WORK TO BE COMPLETED:
Pictures are to be left out; every line from the one with "Gretsch G9221 Bobtail" through the end of the data must be transcribed exactly.
*** Opening DATA EXCERPT ***
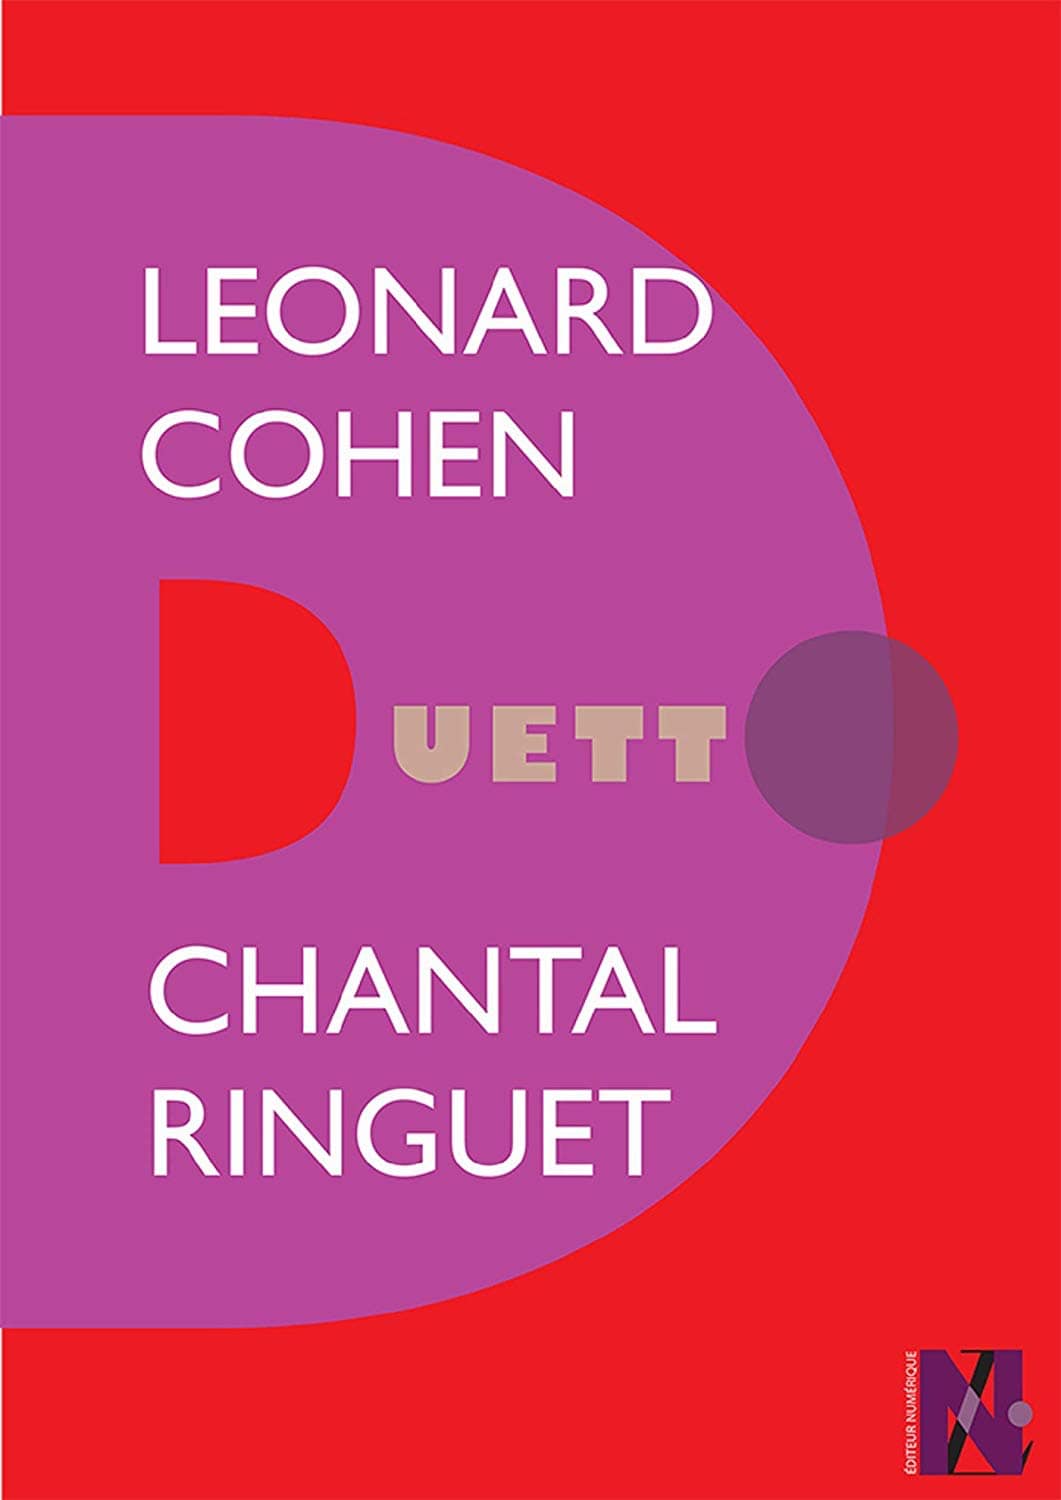 Couverture de « Leonard Cohen - Duetto»
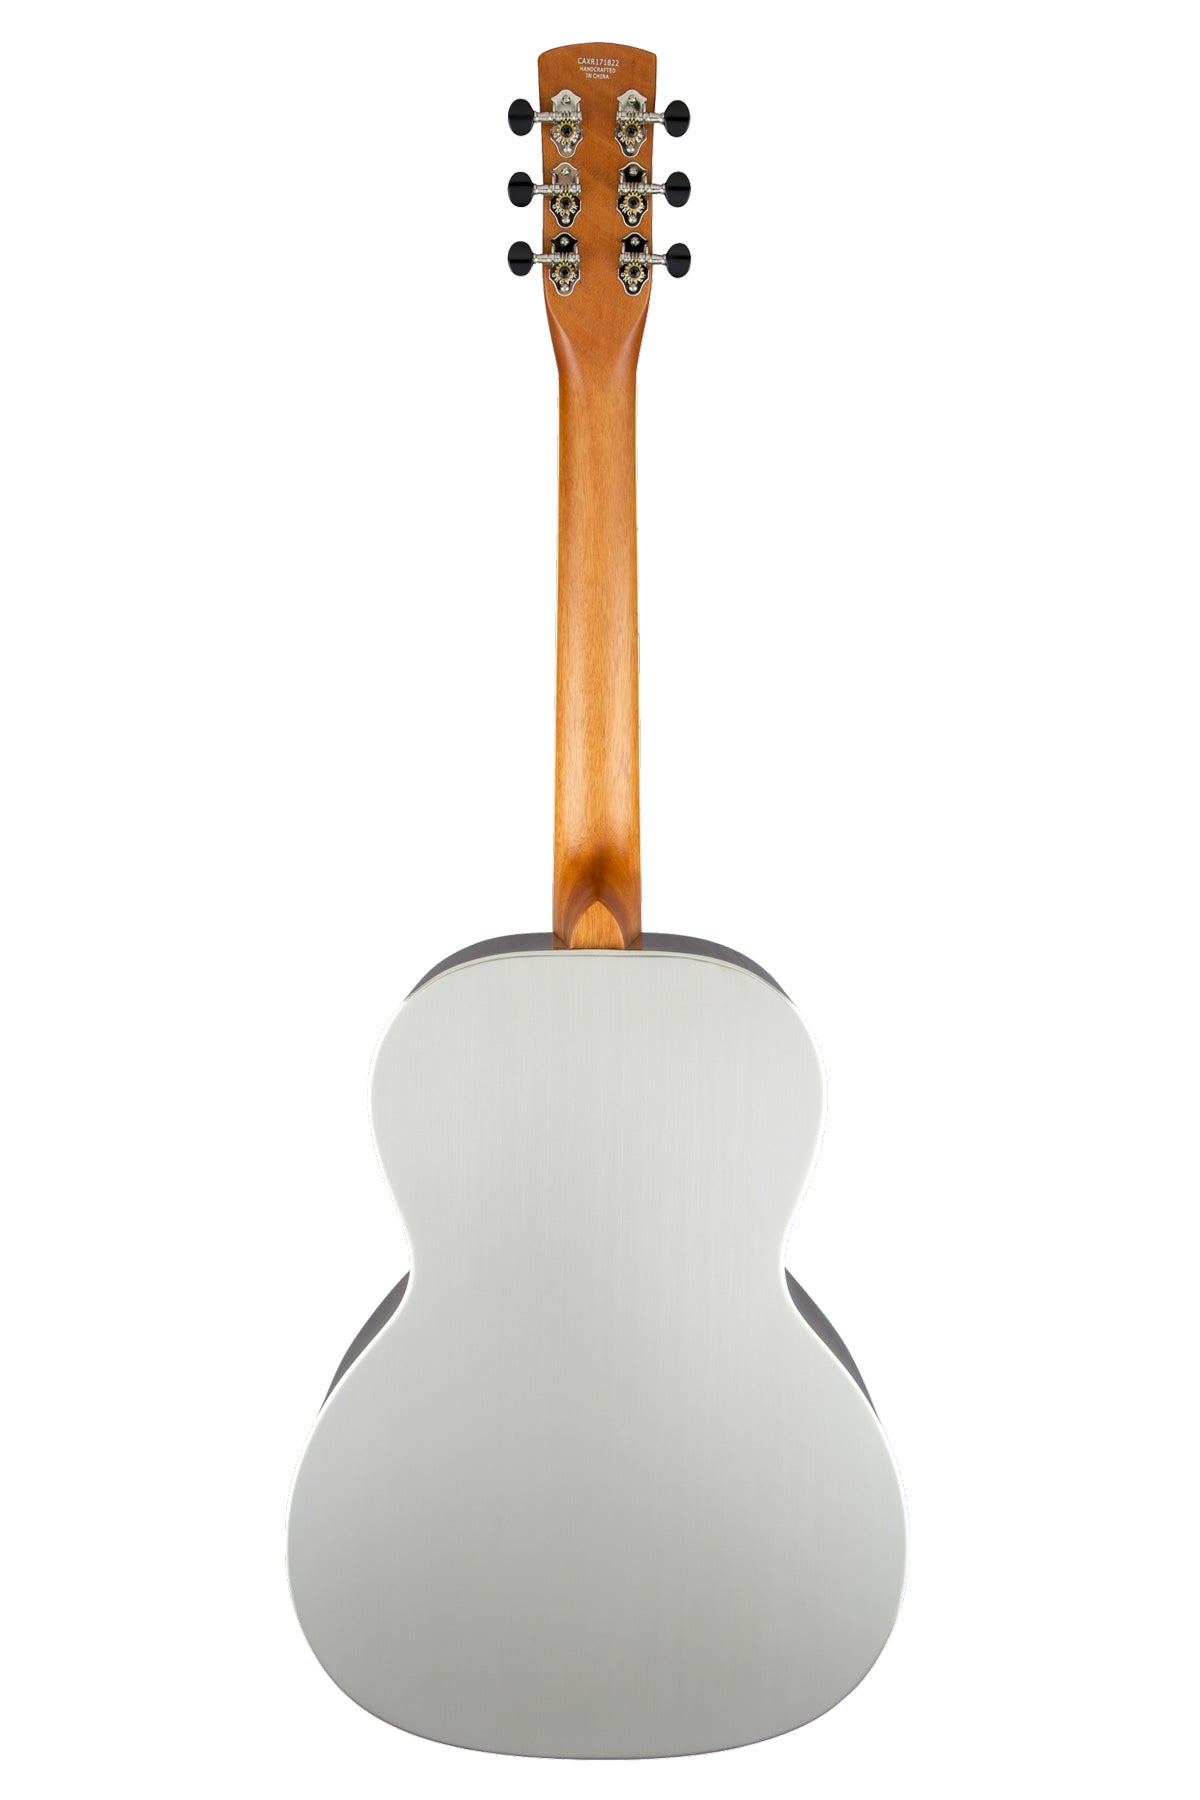 Gretsch G9221 Bobtail Steel Round-Neck A.E., Steel Body Spider Cone Resonator Guitar
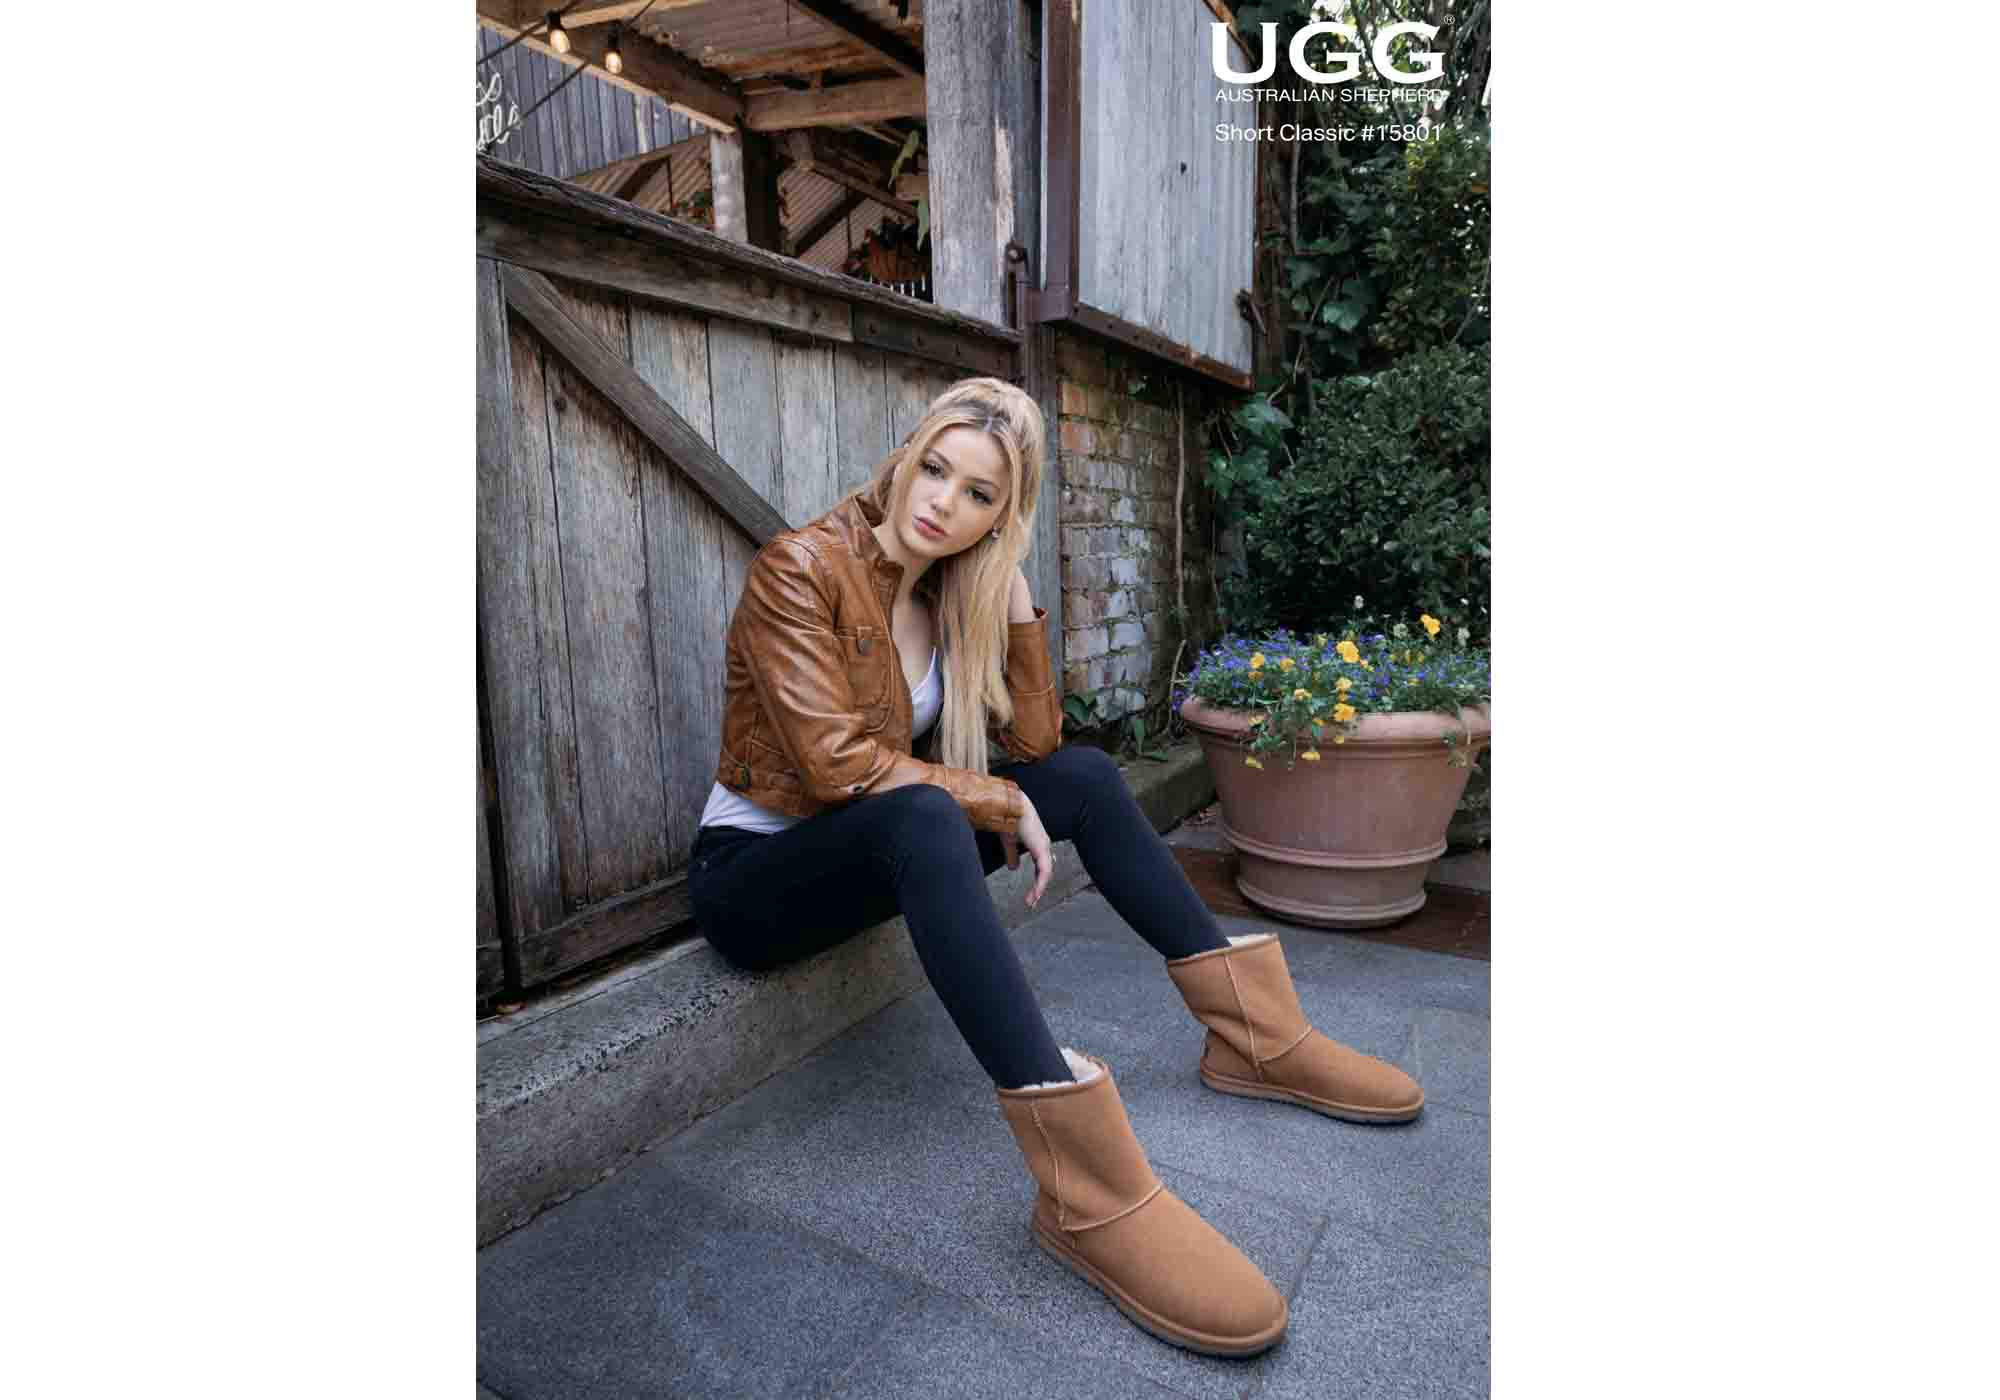 UGG Australian Shepherd Unisex Short Classic Ugg Boots
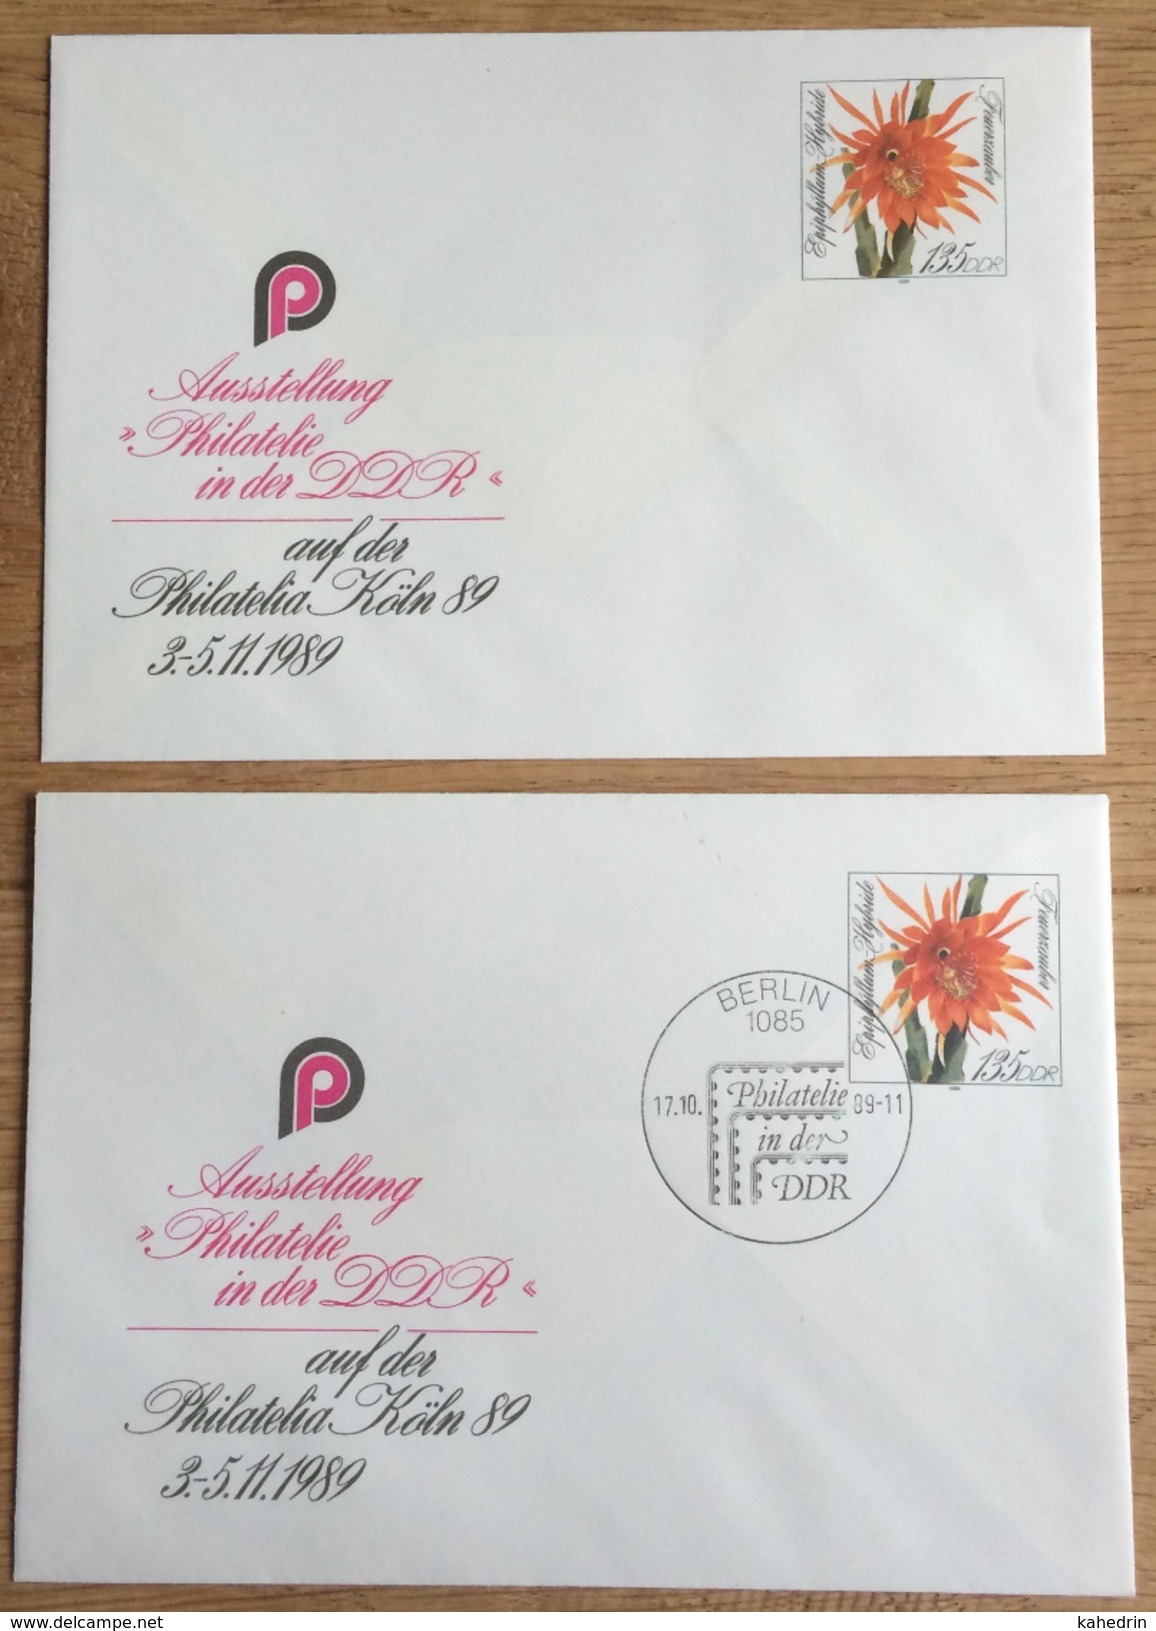 DDR 1989, Berlin 1085, 2 Covers, Special Cancel: Philatelie, Philatelia, Cactus Feuerzauber Hybride Flower ** / (o) - Umschläge - Gebraucht
*** Closing DATA EXCERPT ***
TASK ANSWER:
 Gretsch G9221 Bobtail Steel Round-Neck A.E., Steel Body Spider Cone Resonator Guitar
 UGG Australian Shepherd Unisex Short Classic Ugg Boots
 DDR 1989, Berlin 1085, 2 Covers, Special Cancel: Philatelie, Philatelia, Cactus Feuerzauber Hybride Flower ** / (o) - Umschläge - Gebraucht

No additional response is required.